**TRY IT:** Return exactly the lines of the data below, from the one that contains "Kangol Cotton Twill Army Cap in Grey" through the final line, and leave out every picture.

**AVAILABLE DATA:**
=-=-=-=-=
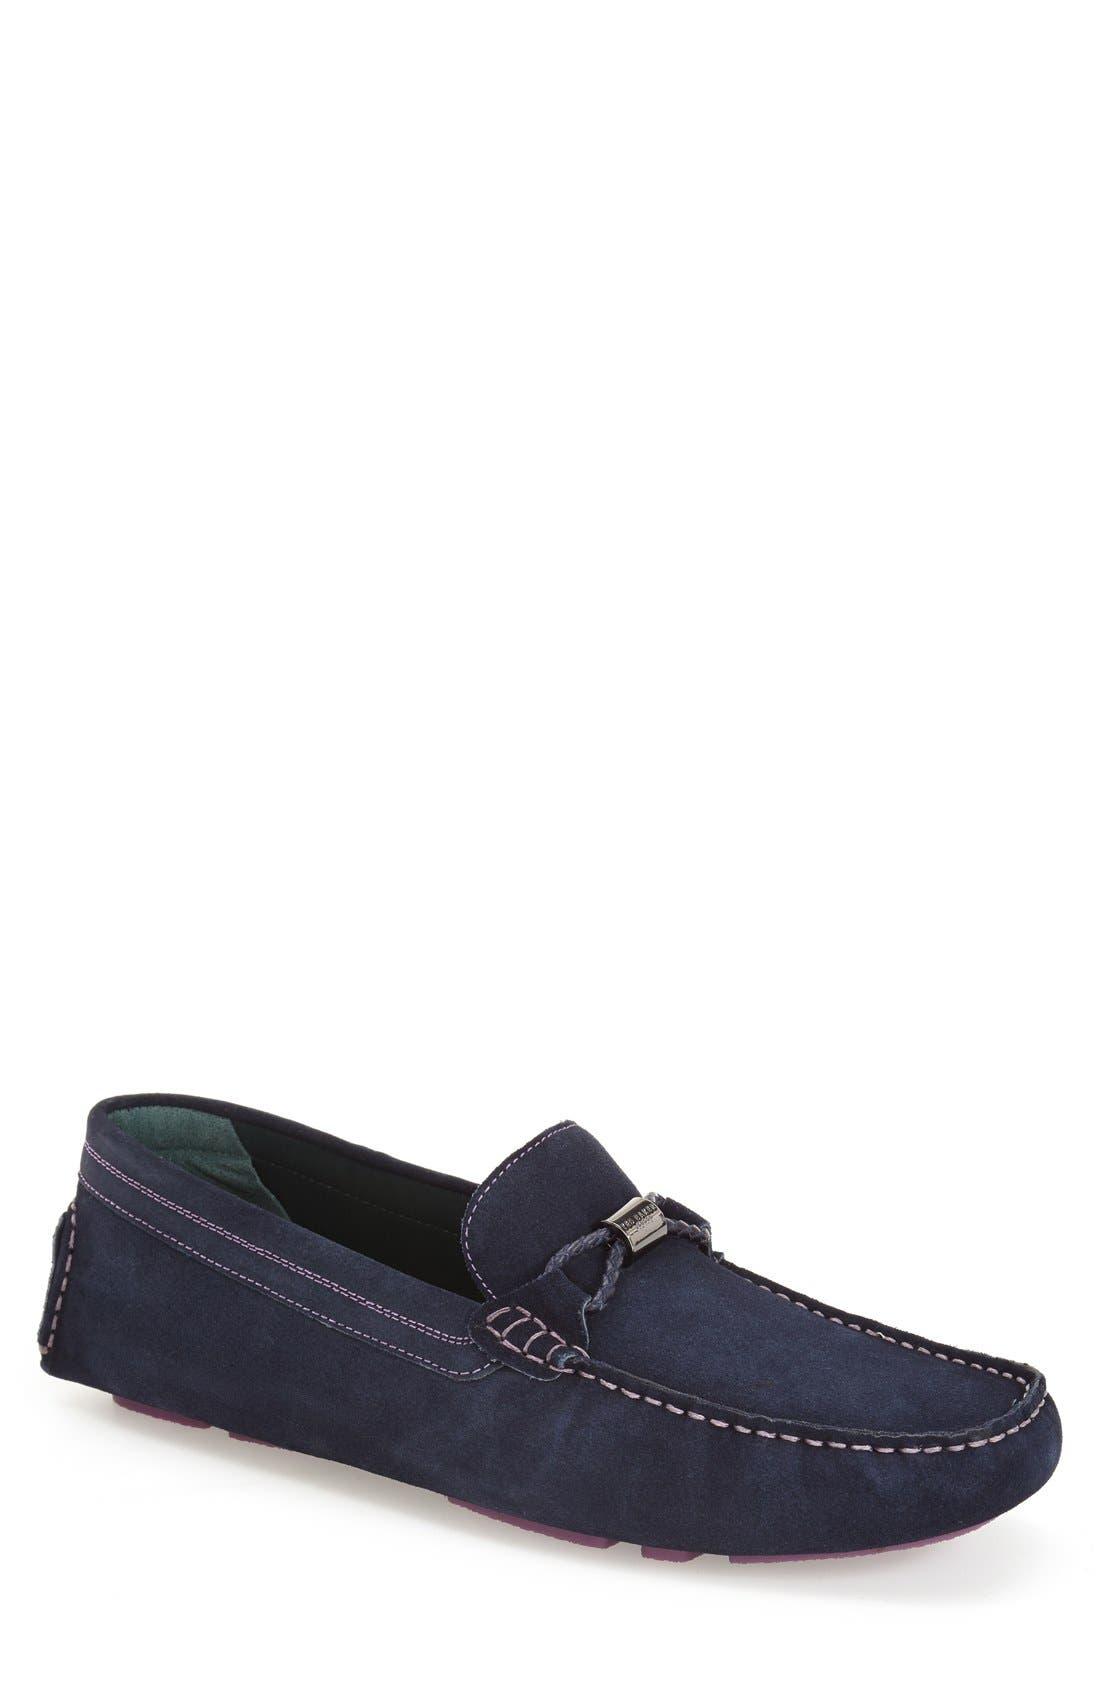 Alternate Image 1 Selected - Ted Baker London 'Carlsun' Driving Shoe (Men)
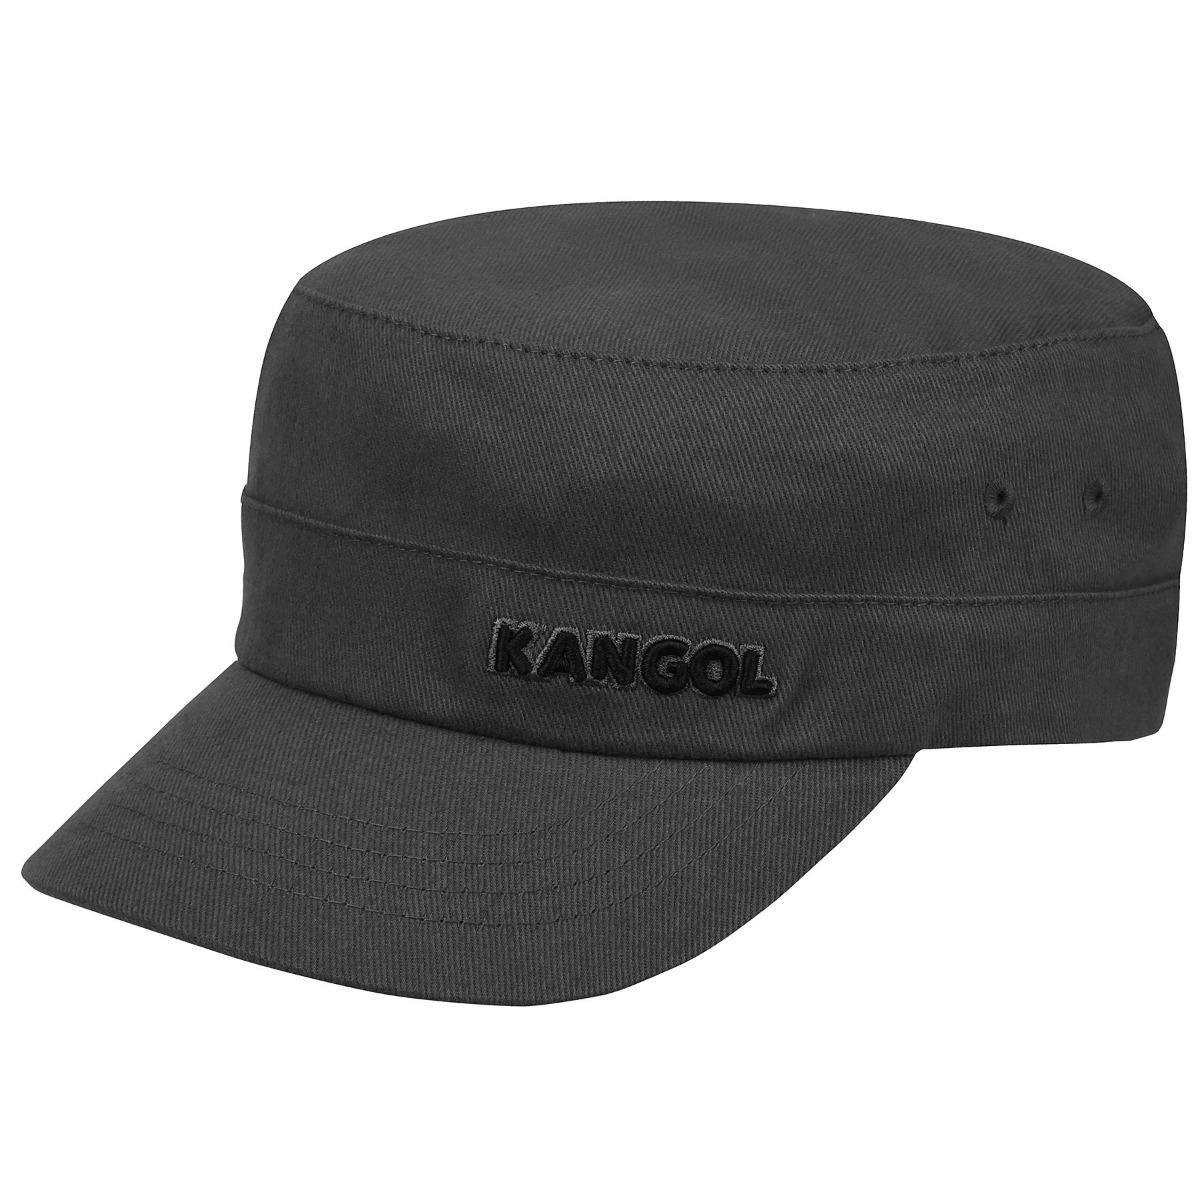 Kangol Cotton Twill Army Cap in Grey
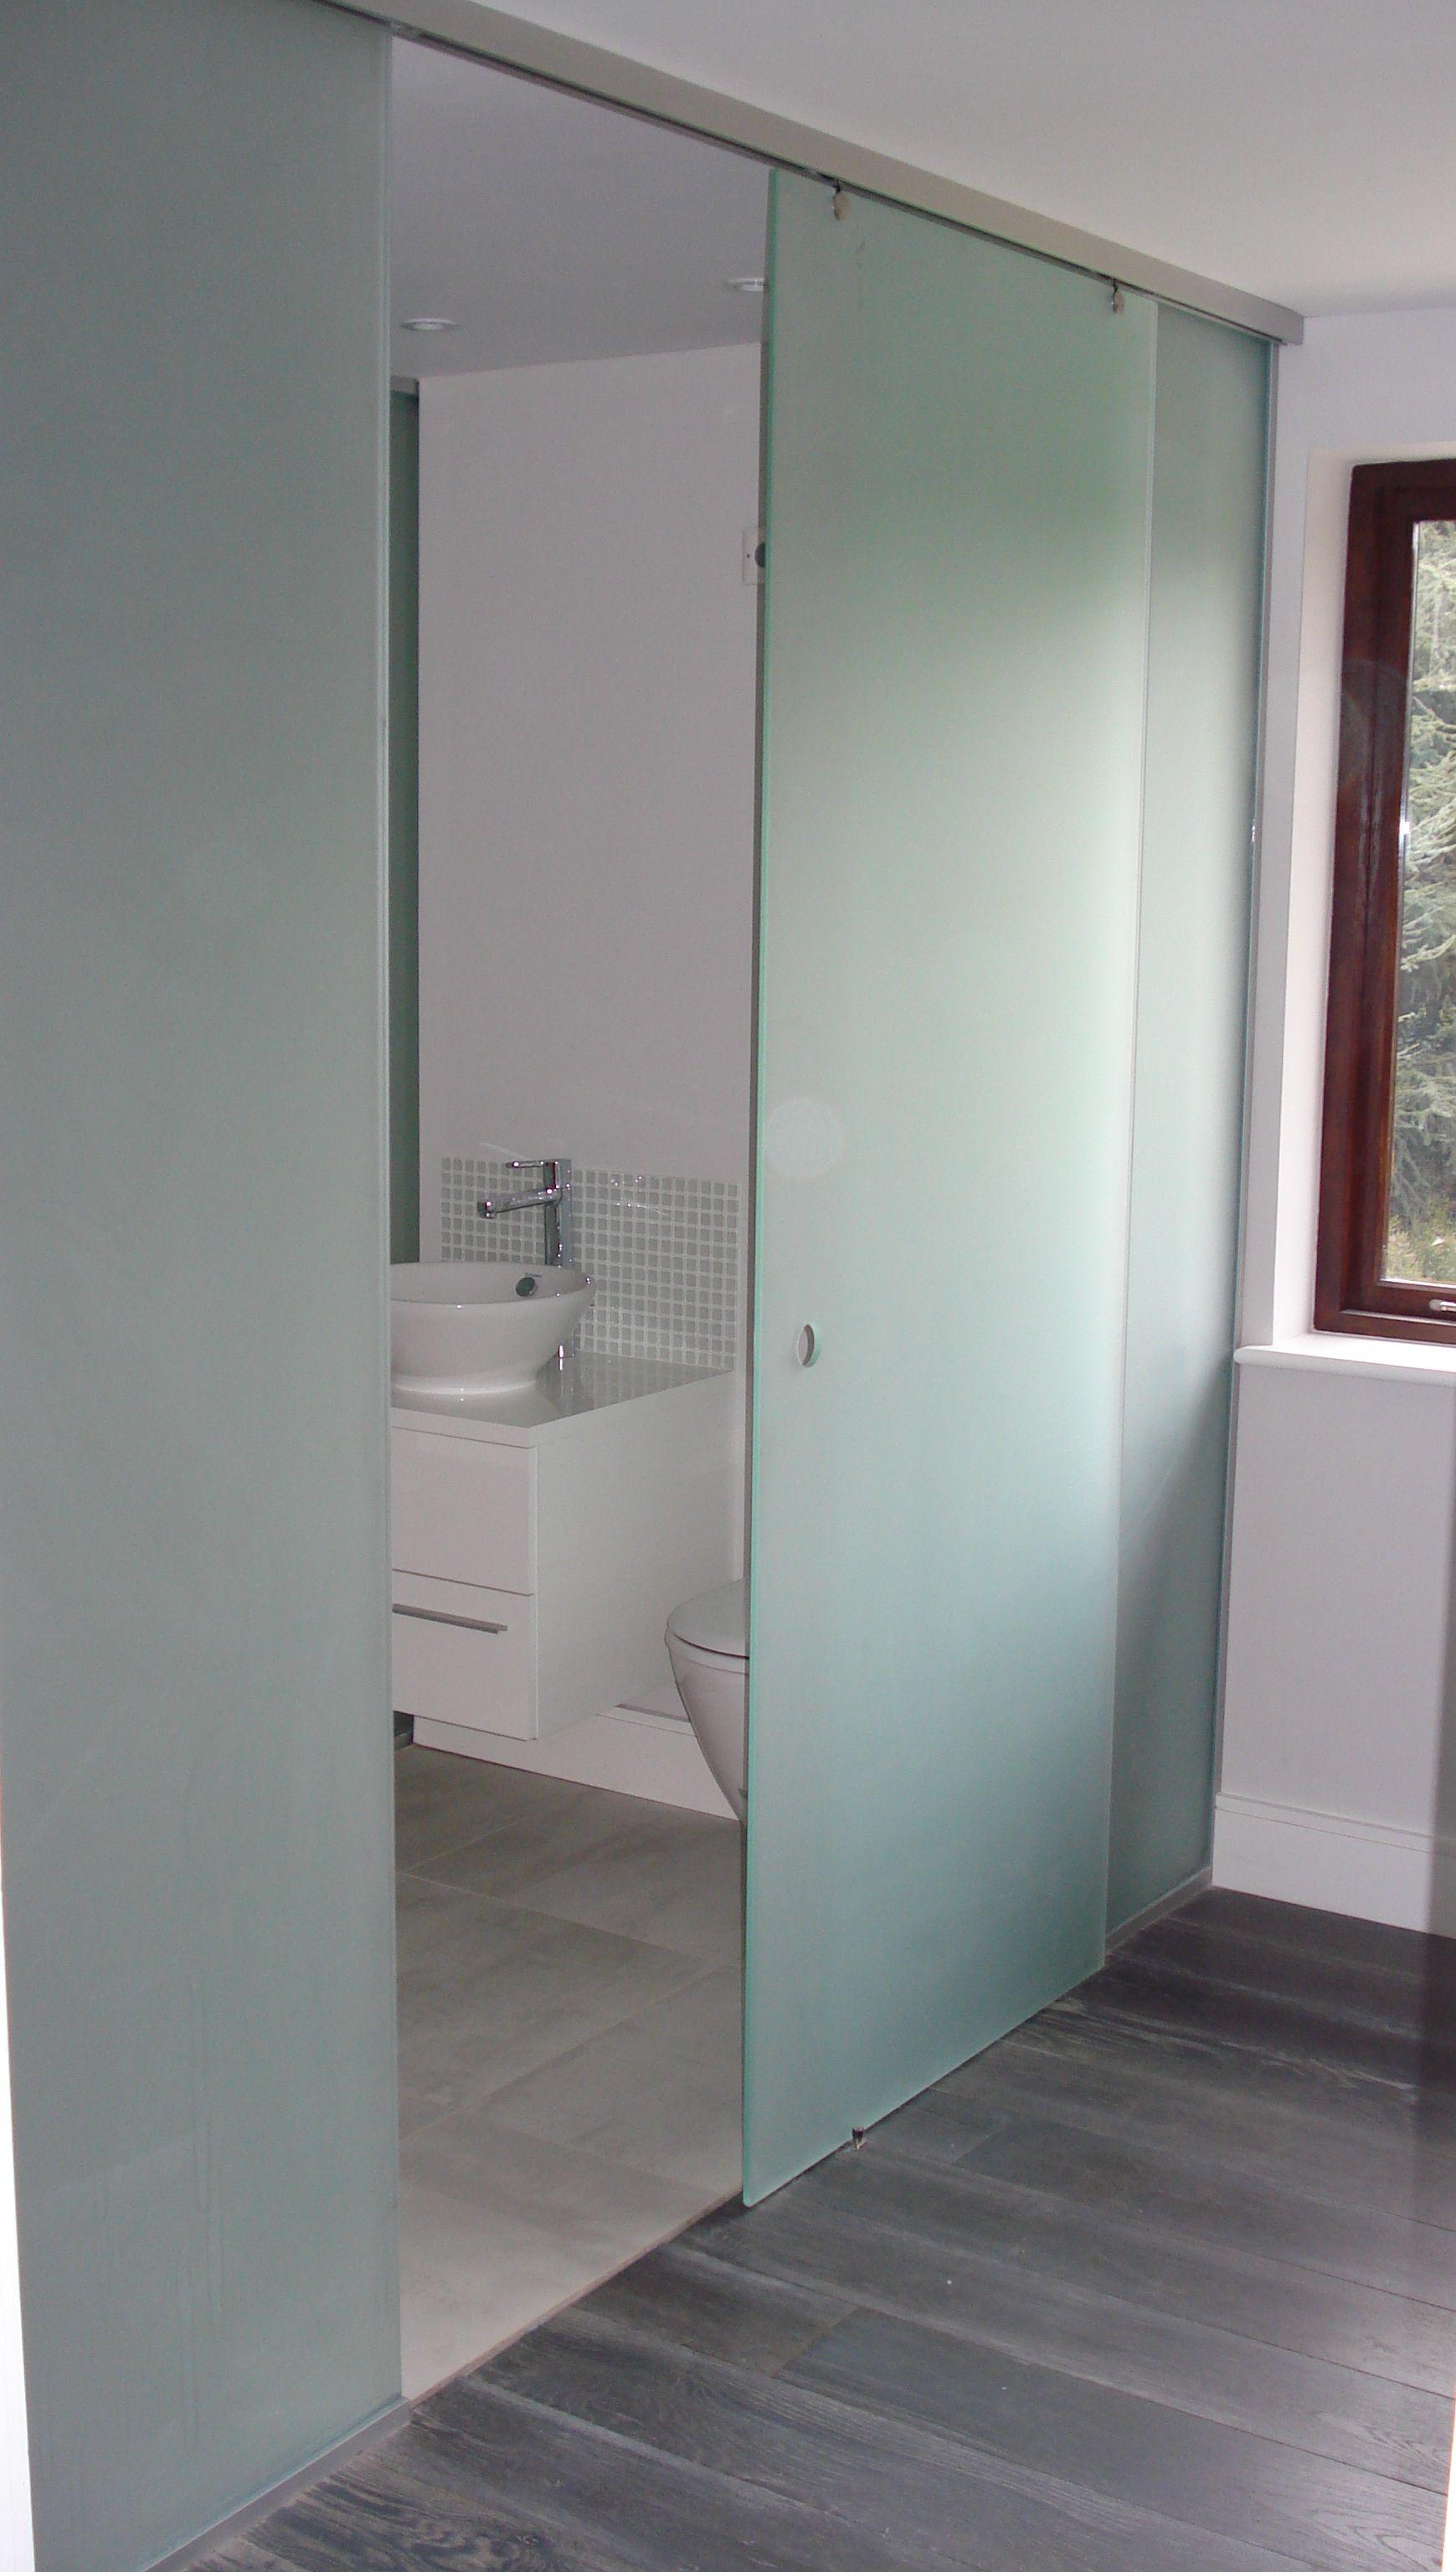 Sliding glass doors bathroom - This Sliding Glass Door Idea Would Be Excellent For The En Suite Toilet Let S
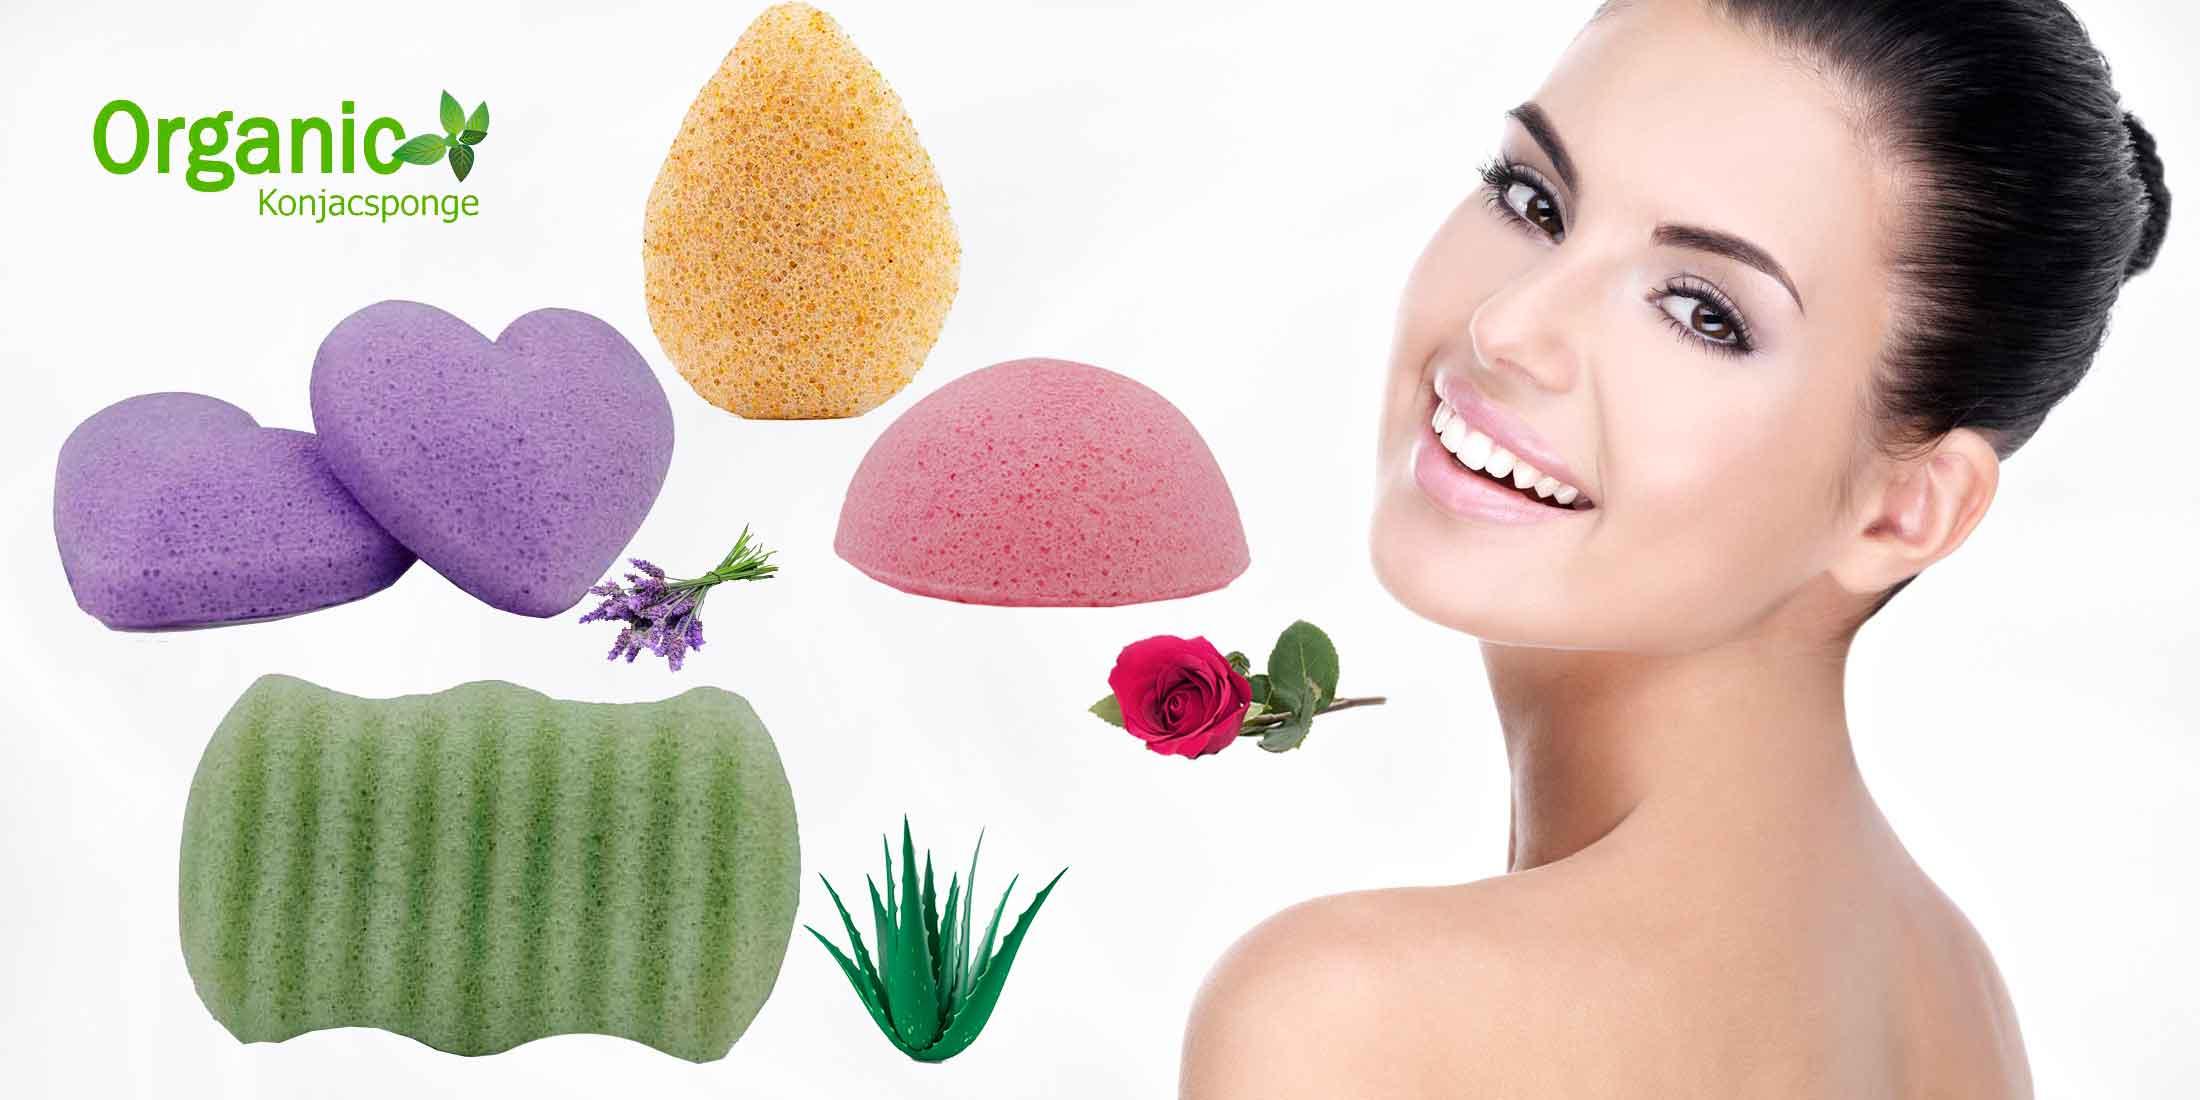 Organic Konjac Sponge tvättsvampar
=-=-=-=-=
**OUTPUT:**
 Kangol Cotton Twill Army Cap in Grey
 Sliding glass doors bathroom - This Sliding Glass Door Idea Would Be Excellent For The En Suite Toilet Let S
 Organic Konjac Sponge tvättsvampar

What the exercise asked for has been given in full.